START Data records

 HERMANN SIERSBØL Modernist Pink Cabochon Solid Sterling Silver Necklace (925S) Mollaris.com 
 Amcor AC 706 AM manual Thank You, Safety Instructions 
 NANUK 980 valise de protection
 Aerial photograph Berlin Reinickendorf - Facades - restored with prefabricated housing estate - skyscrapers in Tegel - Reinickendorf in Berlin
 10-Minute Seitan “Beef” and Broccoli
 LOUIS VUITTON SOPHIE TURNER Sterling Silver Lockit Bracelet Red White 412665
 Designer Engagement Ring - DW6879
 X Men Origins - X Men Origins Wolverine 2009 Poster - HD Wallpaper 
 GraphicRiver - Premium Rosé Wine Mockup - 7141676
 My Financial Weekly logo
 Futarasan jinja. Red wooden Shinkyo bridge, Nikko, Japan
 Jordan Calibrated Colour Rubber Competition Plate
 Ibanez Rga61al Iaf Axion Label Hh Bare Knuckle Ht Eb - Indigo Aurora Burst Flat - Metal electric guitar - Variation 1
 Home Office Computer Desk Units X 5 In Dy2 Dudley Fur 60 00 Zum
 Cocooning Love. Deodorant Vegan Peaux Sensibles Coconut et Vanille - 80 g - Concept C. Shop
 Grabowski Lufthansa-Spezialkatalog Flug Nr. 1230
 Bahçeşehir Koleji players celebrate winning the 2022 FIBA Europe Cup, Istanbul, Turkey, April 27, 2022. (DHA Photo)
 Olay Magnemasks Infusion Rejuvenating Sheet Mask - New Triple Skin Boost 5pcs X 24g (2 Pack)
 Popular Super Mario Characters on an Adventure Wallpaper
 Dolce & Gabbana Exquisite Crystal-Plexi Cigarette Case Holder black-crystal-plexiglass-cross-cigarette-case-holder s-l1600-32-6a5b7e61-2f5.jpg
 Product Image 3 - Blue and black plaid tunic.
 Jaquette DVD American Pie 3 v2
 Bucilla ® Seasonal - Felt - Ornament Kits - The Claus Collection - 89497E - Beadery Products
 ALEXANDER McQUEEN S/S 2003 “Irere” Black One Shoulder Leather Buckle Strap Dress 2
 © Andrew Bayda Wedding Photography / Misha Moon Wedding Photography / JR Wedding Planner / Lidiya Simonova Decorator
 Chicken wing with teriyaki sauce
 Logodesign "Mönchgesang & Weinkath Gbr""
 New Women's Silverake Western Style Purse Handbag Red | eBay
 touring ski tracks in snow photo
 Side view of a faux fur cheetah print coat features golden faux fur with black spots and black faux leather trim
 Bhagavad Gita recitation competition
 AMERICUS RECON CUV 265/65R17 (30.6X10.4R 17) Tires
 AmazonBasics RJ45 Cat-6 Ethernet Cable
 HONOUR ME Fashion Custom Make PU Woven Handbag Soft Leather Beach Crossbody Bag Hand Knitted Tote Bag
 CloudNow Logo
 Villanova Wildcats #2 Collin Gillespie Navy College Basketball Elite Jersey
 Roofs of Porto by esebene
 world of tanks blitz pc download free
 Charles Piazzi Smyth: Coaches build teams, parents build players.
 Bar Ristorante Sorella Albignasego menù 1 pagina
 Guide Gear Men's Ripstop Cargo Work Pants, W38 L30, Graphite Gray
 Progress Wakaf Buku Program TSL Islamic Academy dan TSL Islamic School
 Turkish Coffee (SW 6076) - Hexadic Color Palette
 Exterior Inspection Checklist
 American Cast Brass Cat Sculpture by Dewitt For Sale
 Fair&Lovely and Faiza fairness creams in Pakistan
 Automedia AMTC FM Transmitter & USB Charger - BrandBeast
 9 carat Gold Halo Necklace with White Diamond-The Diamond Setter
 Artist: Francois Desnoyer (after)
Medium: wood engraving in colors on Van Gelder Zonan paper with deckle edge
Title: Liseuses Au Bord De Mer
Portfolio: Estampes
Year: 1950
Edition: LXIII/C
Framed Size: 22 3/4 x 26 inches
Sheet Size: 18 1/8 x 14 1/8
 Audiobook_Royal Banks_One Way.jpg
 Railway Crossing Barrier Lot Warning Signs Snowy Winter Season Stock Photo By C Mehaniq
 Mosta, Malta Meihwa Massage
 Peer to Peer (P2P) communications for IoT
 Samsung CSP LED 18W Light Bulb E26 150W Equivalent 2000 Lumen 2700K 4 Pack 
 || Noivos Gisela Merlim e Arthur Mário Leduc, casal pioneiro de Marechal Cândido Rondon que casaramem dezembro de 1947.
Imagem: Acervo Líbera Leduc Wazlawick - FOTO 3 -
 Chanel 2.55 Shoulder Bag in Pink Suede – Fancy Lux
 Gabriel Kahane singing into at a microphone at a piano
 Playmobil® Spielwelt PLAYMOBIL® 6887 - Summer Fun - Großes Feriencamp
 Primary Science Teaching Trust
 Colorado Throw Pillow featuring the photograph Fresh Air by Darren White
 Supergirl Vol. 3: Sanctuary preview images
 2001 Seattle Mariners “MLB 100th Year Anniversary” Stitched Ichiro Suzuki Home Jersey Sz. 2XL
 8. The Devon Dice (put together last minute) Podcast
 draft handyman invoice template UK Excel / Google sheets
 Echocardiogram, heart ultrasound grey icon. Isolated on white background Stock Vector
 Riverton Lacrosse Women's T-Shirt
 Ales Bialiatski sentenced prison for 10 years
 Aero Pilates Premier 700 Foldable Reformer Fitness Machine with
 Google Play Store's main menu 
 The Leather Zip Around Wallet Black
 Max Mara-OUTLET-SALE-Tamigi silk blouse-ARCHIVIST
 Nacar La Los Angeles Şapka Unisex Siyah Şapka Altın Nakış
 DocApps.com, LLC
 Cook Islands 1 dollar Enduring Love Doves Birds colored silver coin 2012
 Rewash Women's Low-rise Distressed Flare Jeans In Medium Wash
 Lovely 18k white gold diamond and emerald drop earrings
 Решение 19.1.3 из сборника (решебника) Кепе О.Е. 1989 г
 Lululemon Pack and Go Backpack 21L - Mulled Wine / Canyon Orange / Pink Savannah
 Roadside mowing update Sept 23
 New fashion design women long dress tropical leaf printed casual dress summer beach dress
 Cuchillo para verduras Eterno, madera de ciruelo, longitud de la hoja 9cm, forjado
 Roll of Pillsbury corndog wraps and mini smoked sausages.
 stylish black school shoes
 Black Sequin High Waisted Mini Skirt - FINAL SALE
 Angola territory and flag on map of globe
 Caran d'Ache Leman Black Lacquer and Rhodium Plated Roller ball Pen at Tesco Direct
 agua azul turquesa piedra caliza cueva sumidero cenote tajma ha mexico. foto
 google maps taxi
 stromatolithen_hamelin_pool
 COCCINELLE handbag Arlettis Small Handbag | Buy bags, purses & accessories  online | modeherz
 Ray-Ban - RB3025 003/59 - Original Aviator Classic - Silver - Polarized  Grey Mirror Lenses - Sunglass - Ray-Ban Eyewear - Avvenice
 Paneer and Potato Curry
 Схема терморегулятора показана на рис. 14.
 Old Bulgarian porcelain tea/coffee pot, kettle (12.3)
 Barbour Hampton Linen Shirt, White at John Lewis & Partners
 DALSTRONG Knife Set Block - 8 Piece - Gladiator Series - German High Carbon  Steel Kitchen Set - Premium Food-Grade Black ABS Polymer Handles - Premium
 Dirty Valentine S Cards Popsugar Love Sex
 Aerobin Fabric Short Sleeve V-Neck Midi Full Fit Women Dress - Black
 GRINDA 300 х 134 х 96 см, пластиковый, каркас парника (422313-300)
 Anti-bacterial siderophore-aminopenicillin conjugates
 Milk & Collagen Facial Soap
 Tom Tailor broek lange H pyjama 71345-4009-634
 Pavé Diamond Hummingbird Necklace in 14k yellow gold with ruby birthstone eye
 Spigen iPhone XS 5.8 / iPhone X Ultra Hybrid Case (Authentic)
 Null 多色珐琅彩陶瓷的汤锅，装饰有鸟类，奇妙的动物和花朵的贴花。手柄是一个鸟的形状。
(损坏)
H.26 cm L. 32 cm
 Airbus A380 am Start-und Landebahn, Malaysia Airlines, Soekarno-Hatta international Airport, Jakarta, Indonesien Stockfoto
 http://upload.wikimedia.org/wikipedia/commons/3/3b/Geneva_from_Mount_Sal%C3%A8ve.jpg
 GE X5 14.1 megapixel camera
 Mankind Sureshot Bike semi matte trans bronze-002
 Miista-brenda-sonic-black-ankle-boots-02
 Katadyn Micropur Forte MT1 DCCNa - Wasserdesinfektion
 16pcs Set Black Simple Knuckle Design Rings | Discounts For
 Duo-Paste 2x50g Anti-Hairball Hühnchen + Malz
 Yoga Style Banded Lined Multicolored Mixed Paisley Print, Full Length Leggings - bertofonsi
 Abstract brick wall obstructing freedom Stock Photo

END Data records

What the exercise asks:
Your task is to restate, word for word, only those lines above that fall between the line holding "Automedia AMTC FM" and the line holding "Chanel 2.55 Shoulder", inclusive.

Written answer:
 Automedia AMTC FM Transmitter & USB Charger - BrandBeast
 9 carat Gold Halo Necklace with White Diamond-The Diamond Setter
 Artist: Francois Desnoyer (after)
Medium: wood engraving in colors on Van Gelder Zonan paper with deckle edge
Title: Liseuses Au Bord De Mer
Portfolio: Estampes
Year: 1950
Edition: LXIII/C
Framed Size: 22 3/4 x 26 inches
Sheet Size: 18 1/8 x 14 1/8
 Audiobook_Royal Banks_One Way.jpg
 Railway Crossing Barrier Lot Warning Signs Snowy Winter Season Stock Photo By C Mehaniq
 Mosta, Malta Meihwa Massage
 Peer to Peer (P2P) communications for IoT
 Samsung CSP LED 18W Light Bulb E26 150W Equivalent 2000 Lumen 2700K 4 Pack 
 || Noivos Gisela Merlim e Arthur Mário Leduc, casal pioneiro de Marechal Cândido Rondon que casaramem dezembro de 1947.
Imagem: Acervo Líbera Leduc Wazlawick - FOTO 3 -
 Chanel 2.55 Shoulder Bag in Pink Suede – Fancy Lux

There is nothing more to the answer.